As difficult as knowing whether or not our economy is officially in a recession,  I think I’m in the anger part of the grieving process.  I’m not, however, expressing it in a typical fashion that would have me saying, “Billy, why’d you leave us?,” but it’s coming out more in a phrase resembling, “Billy WHAT the FAT!”  When I was here last week attending to things that are important to the Mrs. (like outdoor Christmas lights…), I got woefully behind in the steady paced progress I would like to make on the other fronts.  

My mantra is “one bag at a time”.  One bag of garbage – one recycle bin full to the top with “unnecessary plastic items” – (to quote Nanci Griffith in her reference to things you could only buy at Woolworth’s). My goal each week is to make sure her garbage bin is full to overflowing. Baby step cleaning.  Baby step digging.  Baby step sorting. Eventually we’ll all see the progress but it won’t be an overnight thing.

Last night I took aggressive action against empty boxes piled in the basement.  Tiny little ring boxes, a shiny red box hidden inside a plastic bag to keep it shinier, a huge box from a snow blower that is now living in Cincinnati – boxes of all shapes and sizes.  These boxes once served some purpose and were waiting their next assignment.  Well, I’m sorry to say – their next assignment is to become brand new boxes after they spend some time at the “rehab” center, spa soaking and getting roller massaged.  
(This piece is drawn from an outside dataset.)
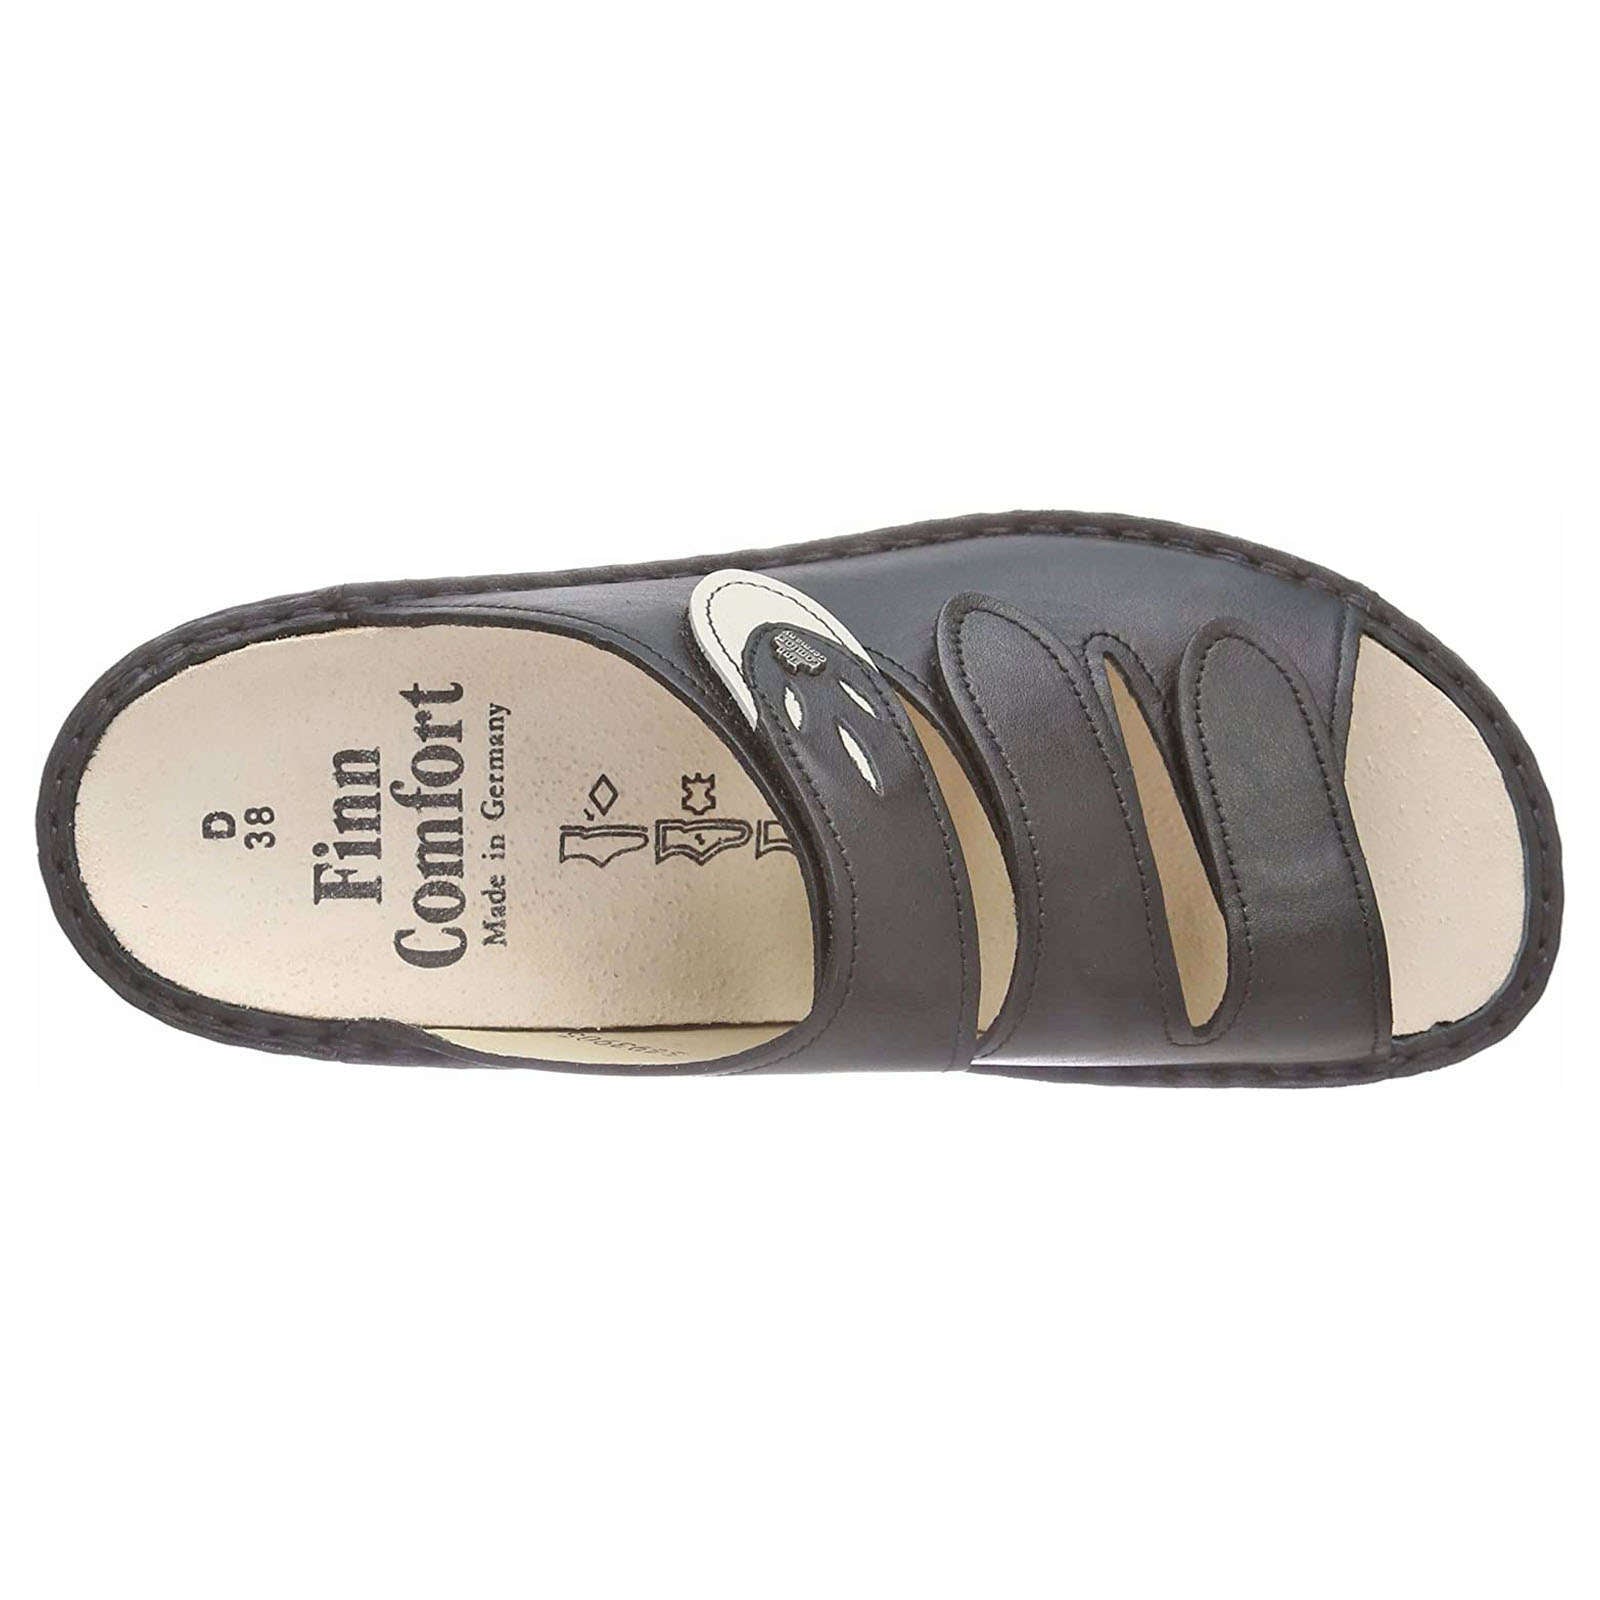 Finn Comfort Kos Leather Women's Slip-On Sandals#color_black jasmin

As I was slashing my way through the mess, I devised a little contest.  The oldest box prize went to one from gas regulators – addressed to NIPSCO on 15th Ave in Gary.  OK – even if he brought that box home on the day he retired (1983) it would have been a mere twenty-five years old. Twenty-five years of mold from a damp basement…I think I’ll have bronchitis in a week or so. The smallest – went to one of those ring boxes.  There were two and I gave the prize to the silver and white striped one because it was cuter.  The sturdiest box award went to a Bonita banana box which could have served as its very own boat from Bogota it was so strong.  
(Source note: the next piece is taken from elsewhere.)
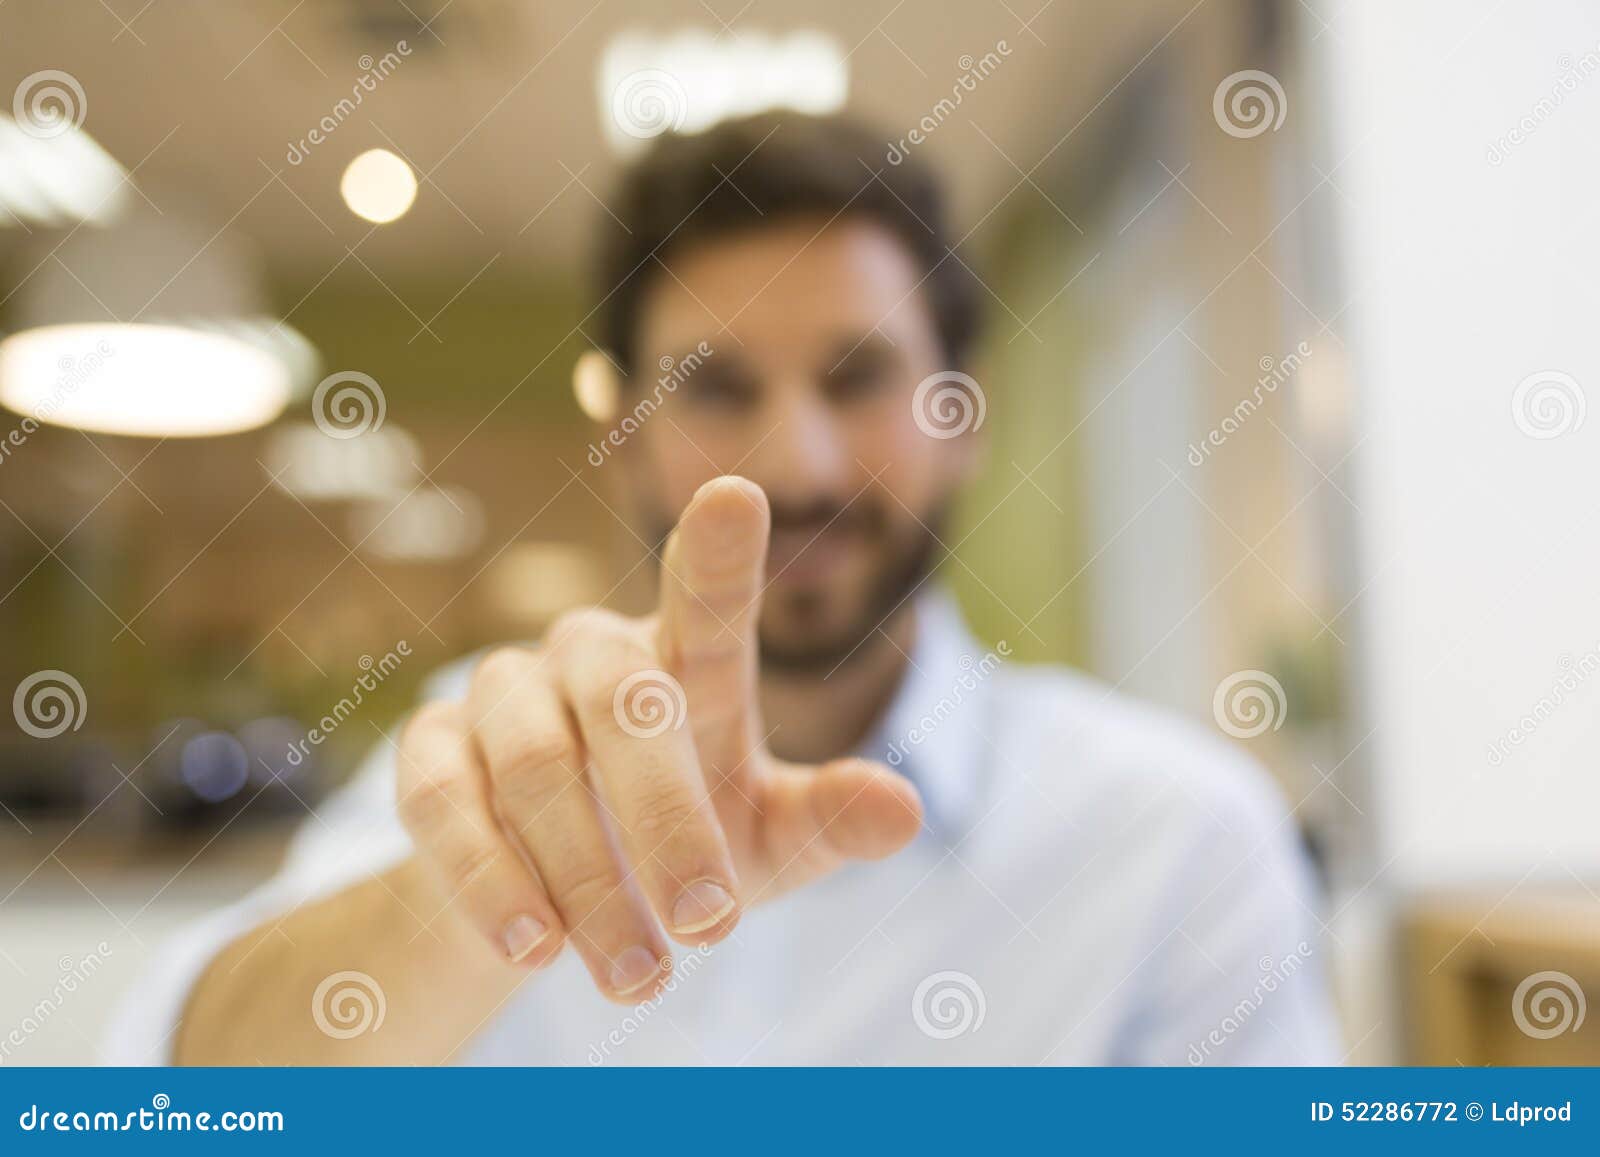 Нажатие пальцем на экран. Мужчина нажимает на экран. Человек палец. Палец указывает в экран. Человек нажимает пальцем на экран.

Anyway – in preparation for this chore I bought myself a serious…a really serious, box-cutter last week, knowing I’d have to attack that space sometime.  It is so serious that it doesn’t even have a retractable blade.  It just juts out there screaming danger to all who come near.  
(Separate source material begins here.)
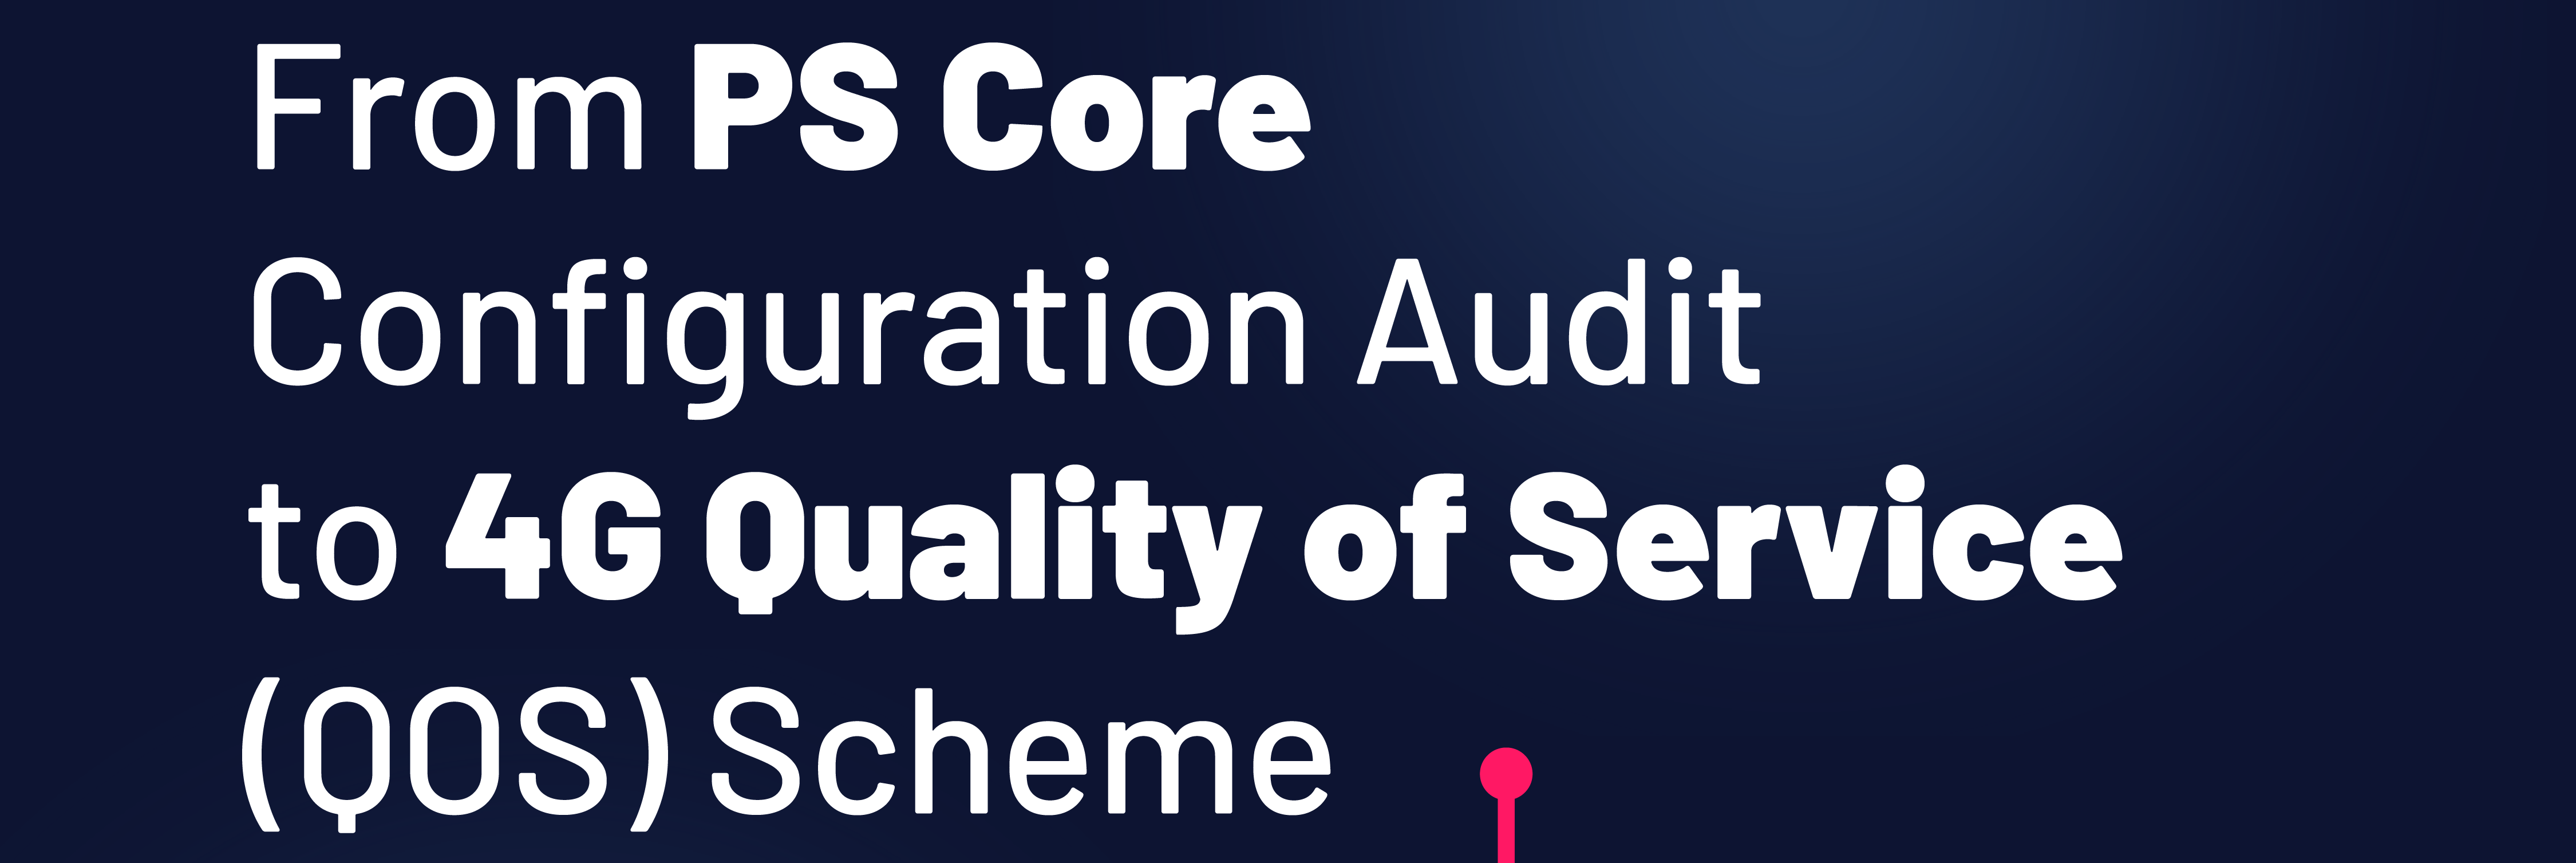 PS Core Configuration Audit Use Case: 4G Quality of Service (QoS) Scheme

I’ve had some box-cutter experience at the boutique where Shop Girl hangs out. It is shameful to see how much packaging goes into sending things to stores but at least the stuff gets recycled. One day last winter when I was still working at the hospital and was on my way to interpret for a therapy session, I decided to make a quick stop to say “hi”.  There were boxes to break down and I just love the feel of a weapon in my hand so I made use of my time and got busy.  Ohhh, I could just hear my dad’s voice in my head that I was doing something wrong when before I knew it I had cut across my thigh – slicing open my black cords and just nicking my skin.  Yikes.  That would have been hard to explain in the emergency room being an adult over the age of 50 and all.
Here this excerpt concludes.